» STORED DATA
──────────────────────────────
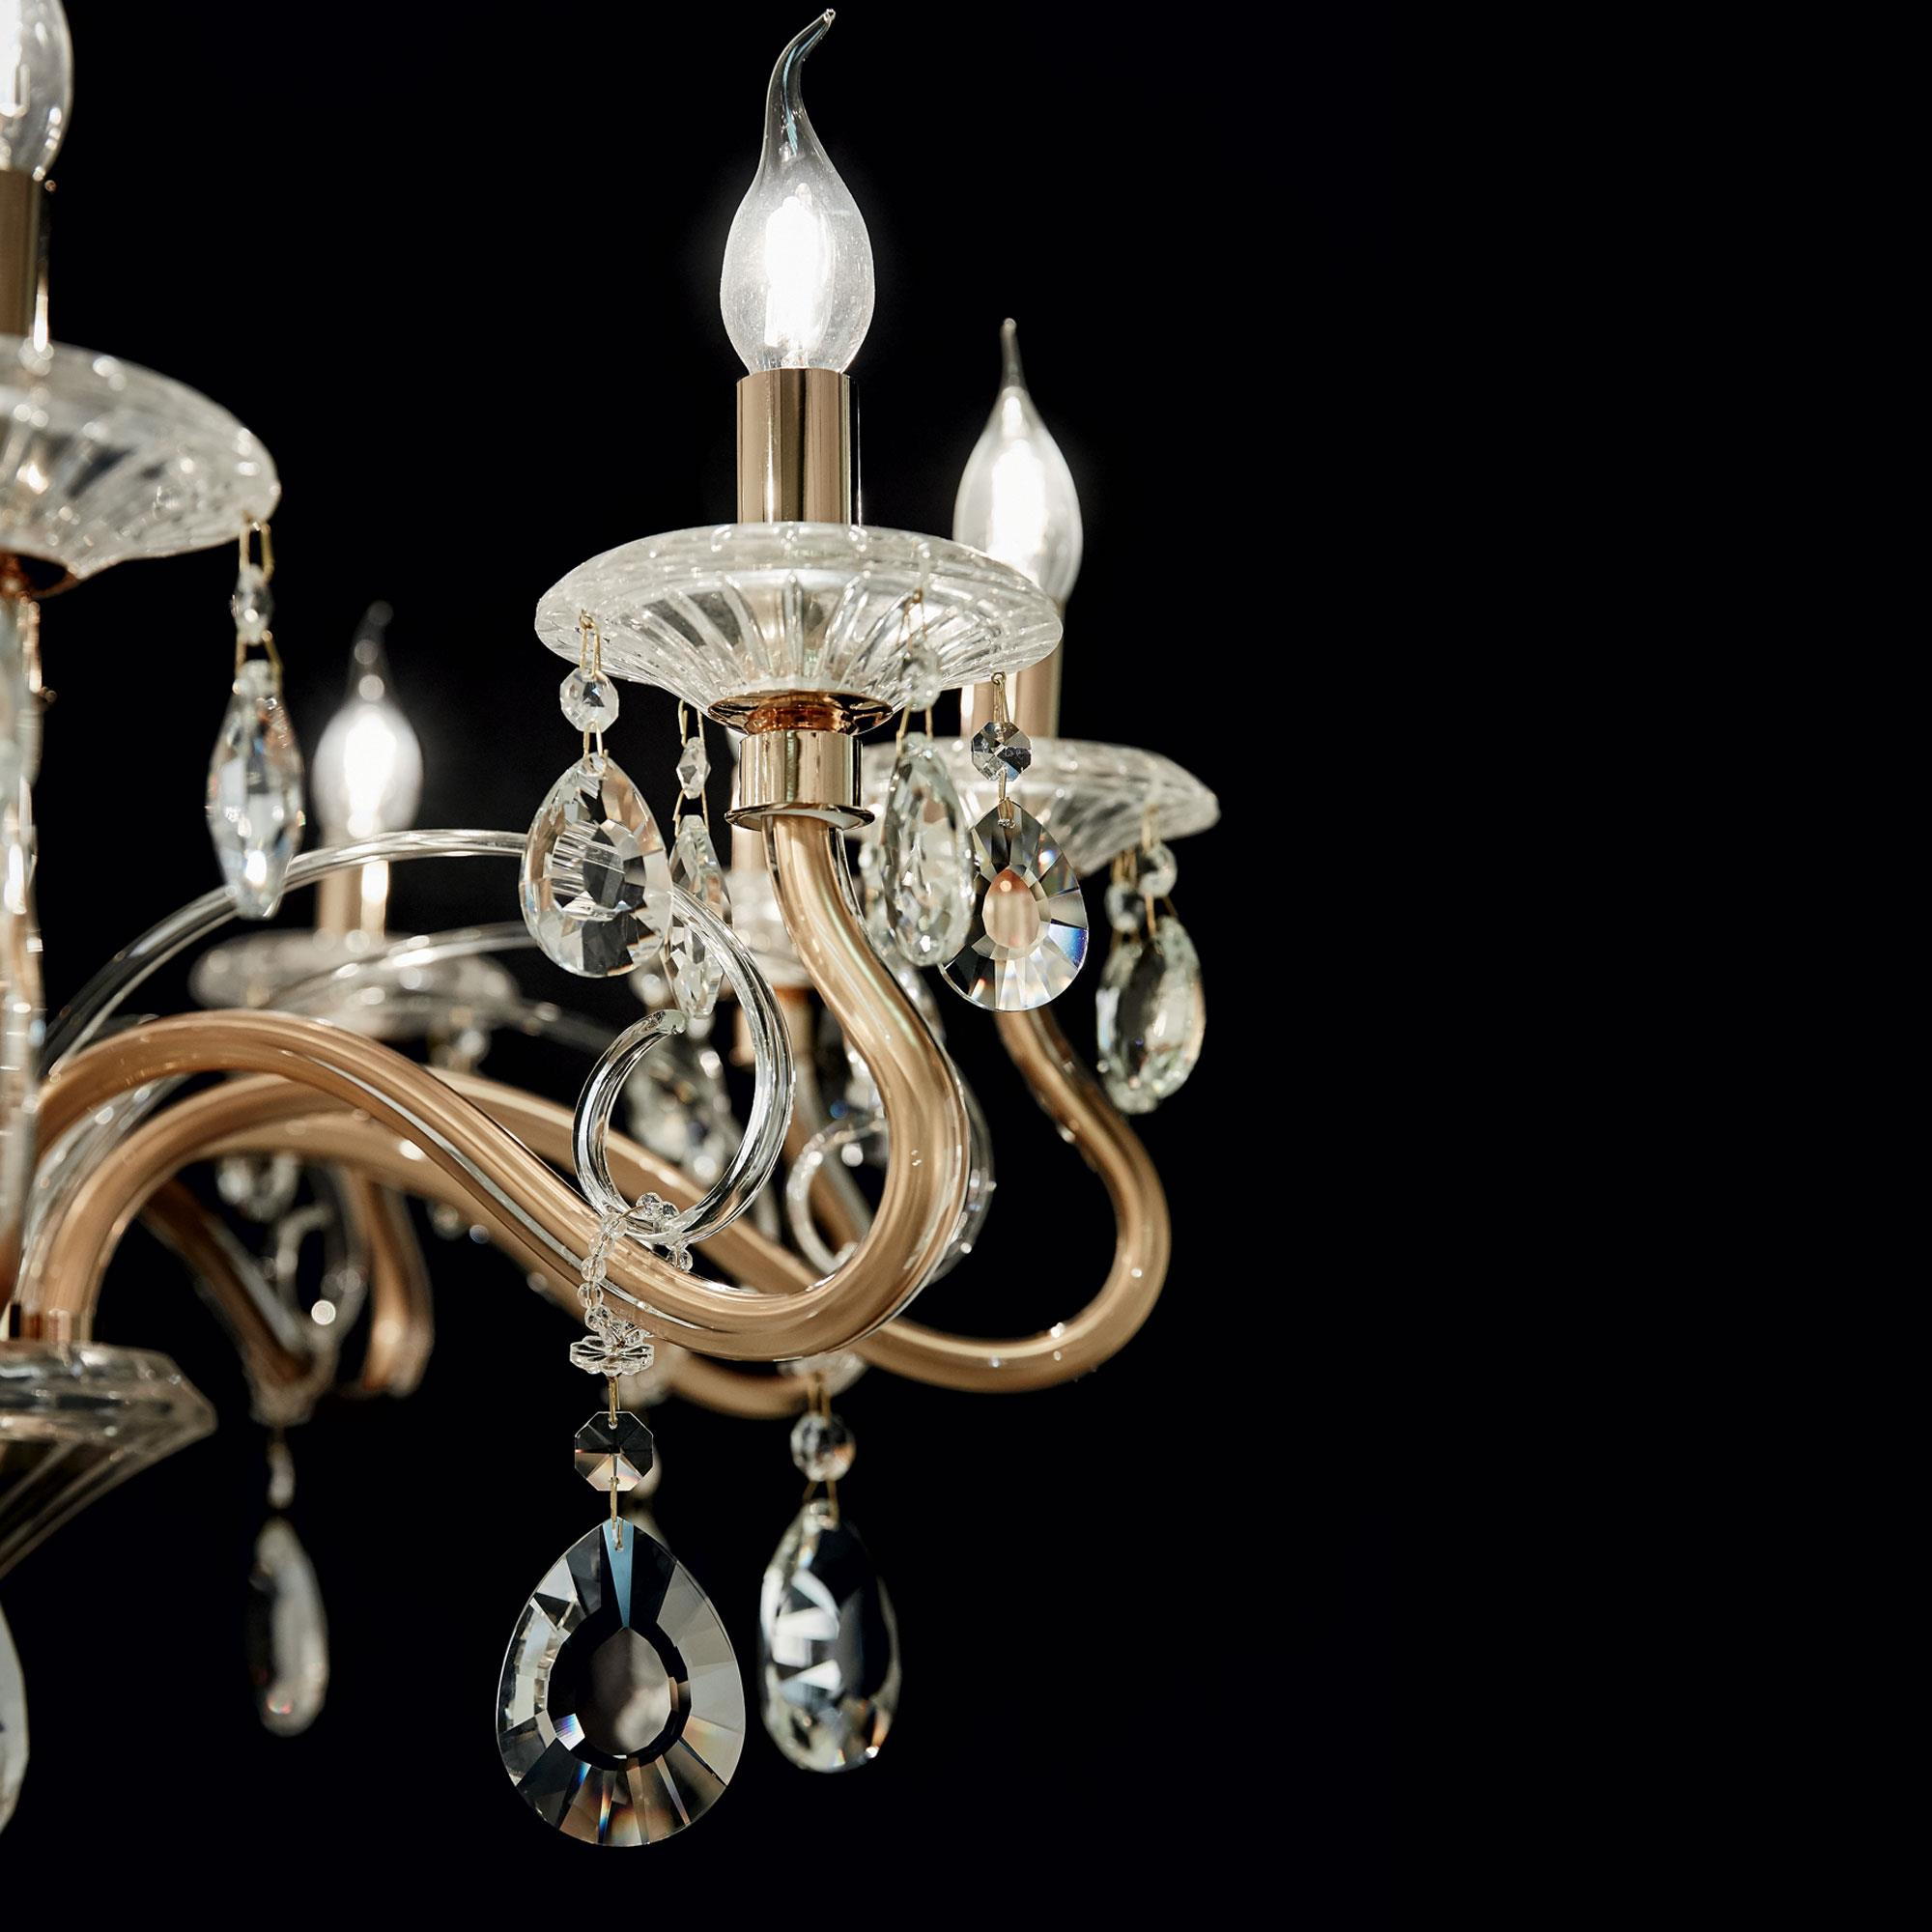 Ideal Lux 087771 Negresco SP10 Oro kristály csillár
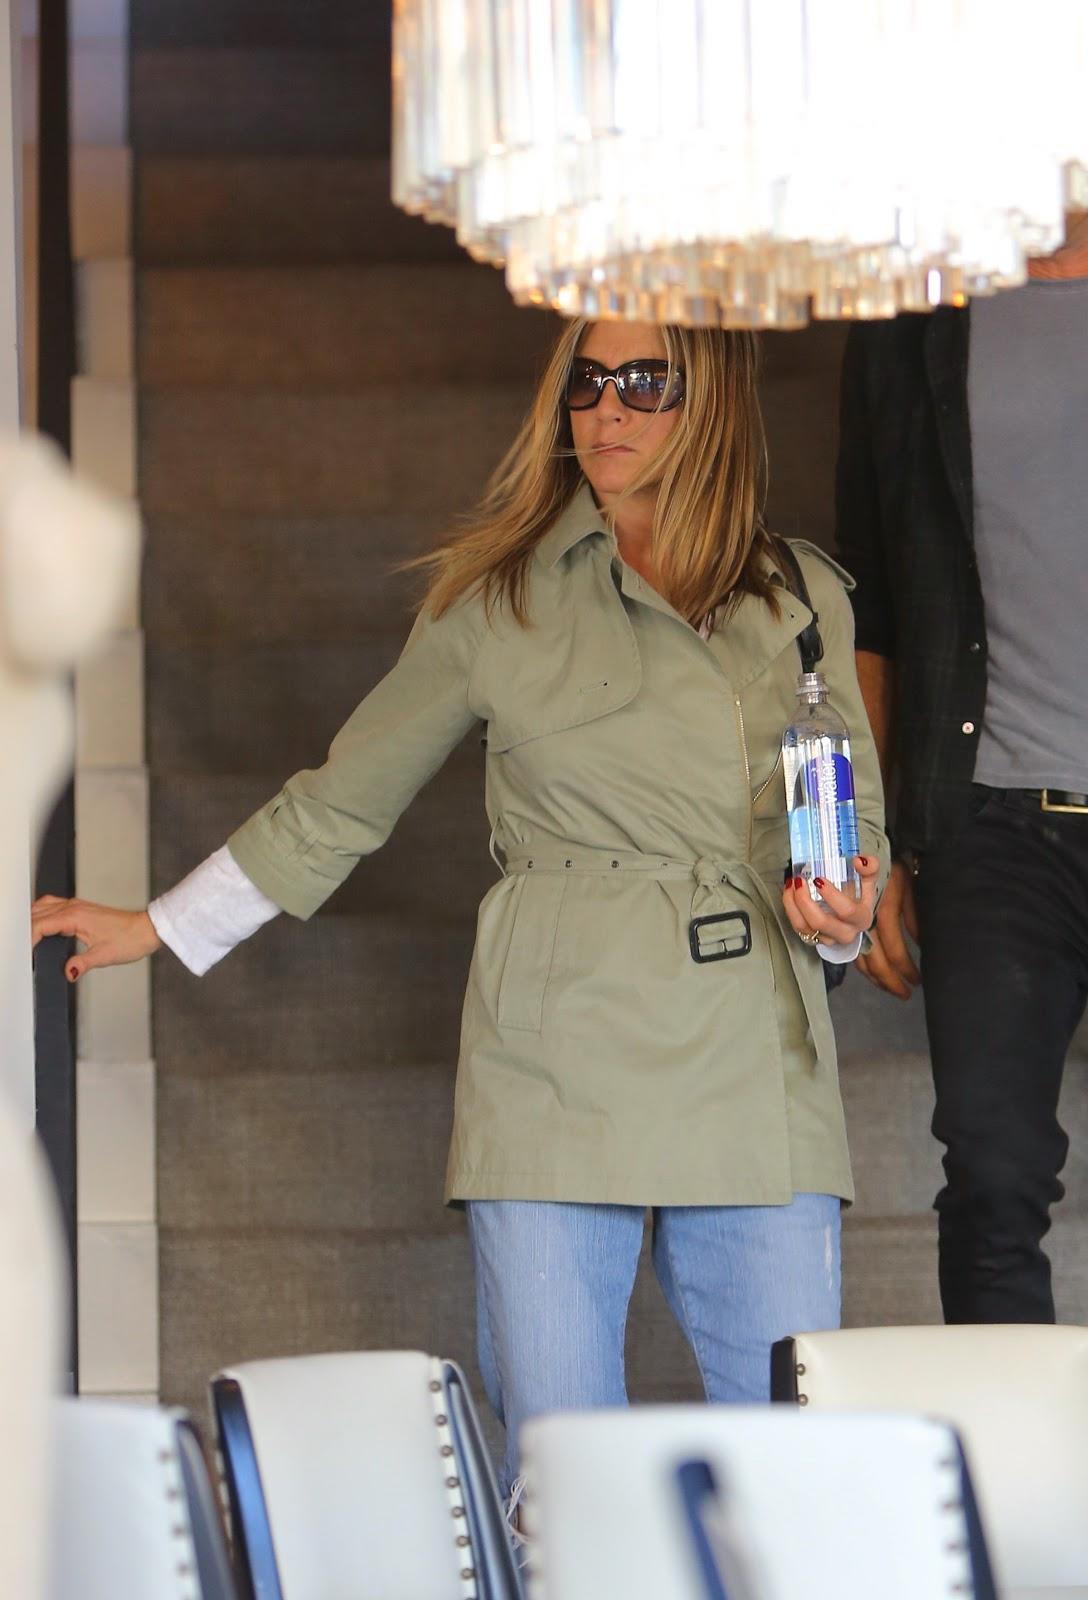 http://3.bp.blogspot.com/-h9hKeQ4TBXU/UJCTCDLzOCI/AAAAAAAAXfw/QiZxyhrjacs/s1600/Jennifer+Aniston+spotted+at+furniture+stores+in+Hollywood,+October+29,+2012.jpg
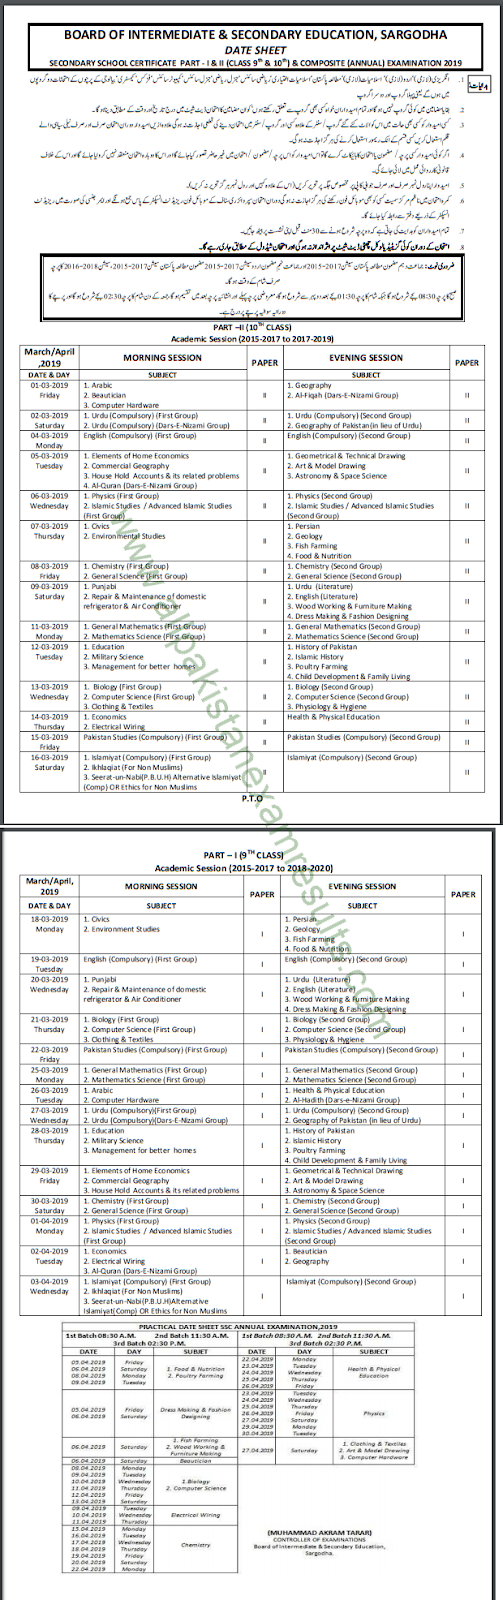 BISE Sargodha 10th Class Date Sheet 2019
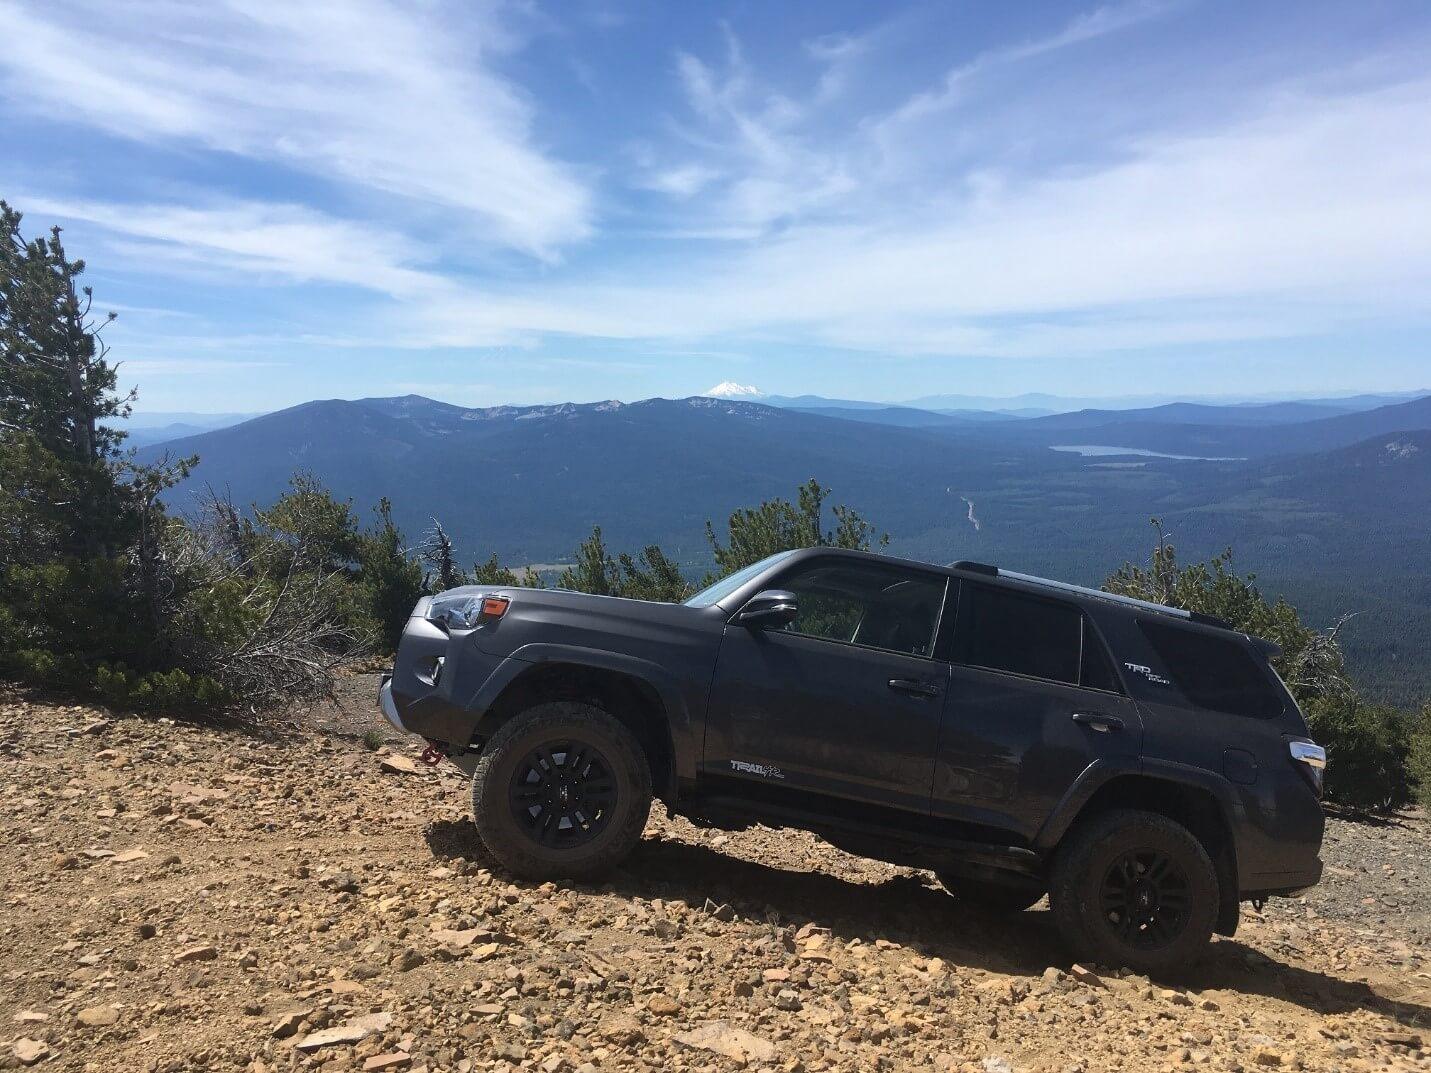 Pelican Butte 4x4 Trail
──────────────────────────────
» YOUR TASK
Reproduce the data in full. Do not carry over any picture.

» RESPONSE TO THIS EXERCISE
 Ideal Lux 087771 Negresco SP10 Oro kristály csillár
 http://3.bp.blogspot.com/-h9hKeQ4TBXU/UJCTCDLzOCI/AAAAAAAAXfw/QiZxyhrjacs/s1600/Jennifer+Aniston+spotted+at+furniture+stores+in+Hollywood,+October+29,+2012.jpg
 BISE Sargodha 10th Class Date Sheet 2019
 Pelican Butte 4x4 Trail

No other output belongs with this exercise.